● Entries supplied:
<<<<

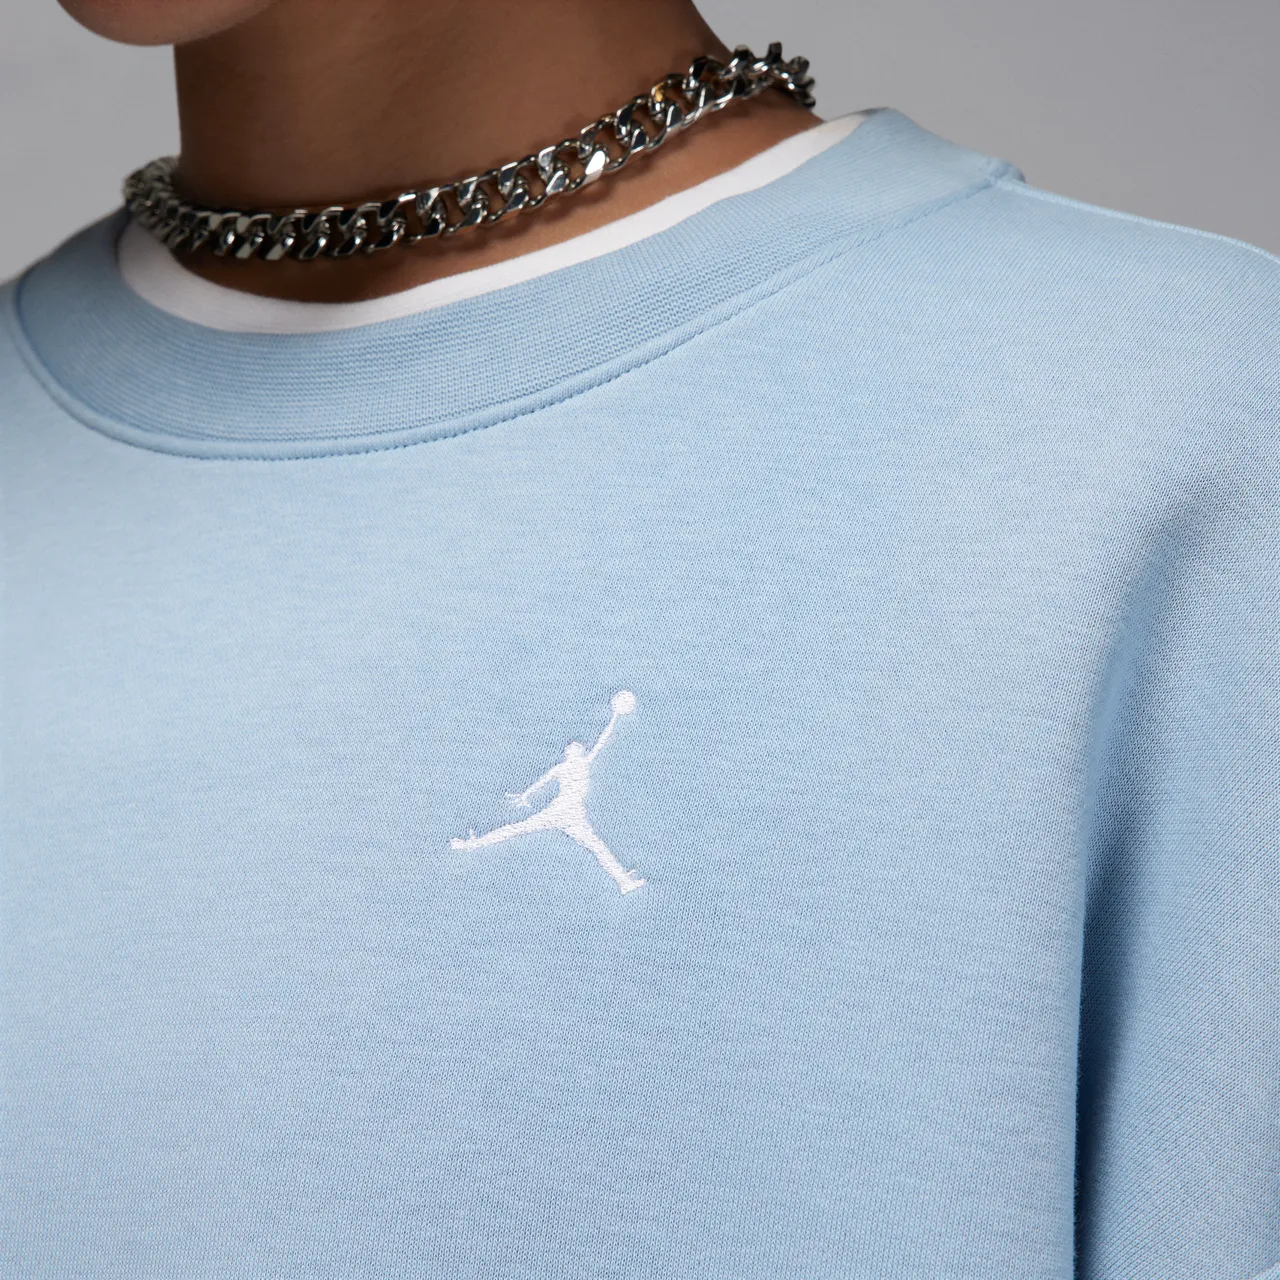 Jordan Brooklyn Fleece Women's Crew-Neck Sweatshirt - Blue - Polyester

>>>>
<<<<

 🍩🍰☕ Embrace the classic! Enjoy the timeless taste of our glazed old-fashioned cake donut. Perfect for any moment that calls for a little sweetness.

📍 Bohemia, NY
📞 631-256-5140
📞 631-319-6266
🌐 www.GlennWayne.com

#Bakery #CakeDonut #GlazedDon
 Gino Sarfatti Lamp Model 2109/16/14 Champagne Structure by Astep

>>>>

● Your assignment:
With the line holding "#Bakery #CakeDonut #GlazedDon" as the first and the line holding "Gino Sarfatti Lamp" as the last, set down that range of the entries above exactly, and nothing else.

● Response area:
#Bakery #CakeDonut #GlazedDon
 Gino Sarfatti Lamp Model 2109/16/14 Champagne Structure by Astep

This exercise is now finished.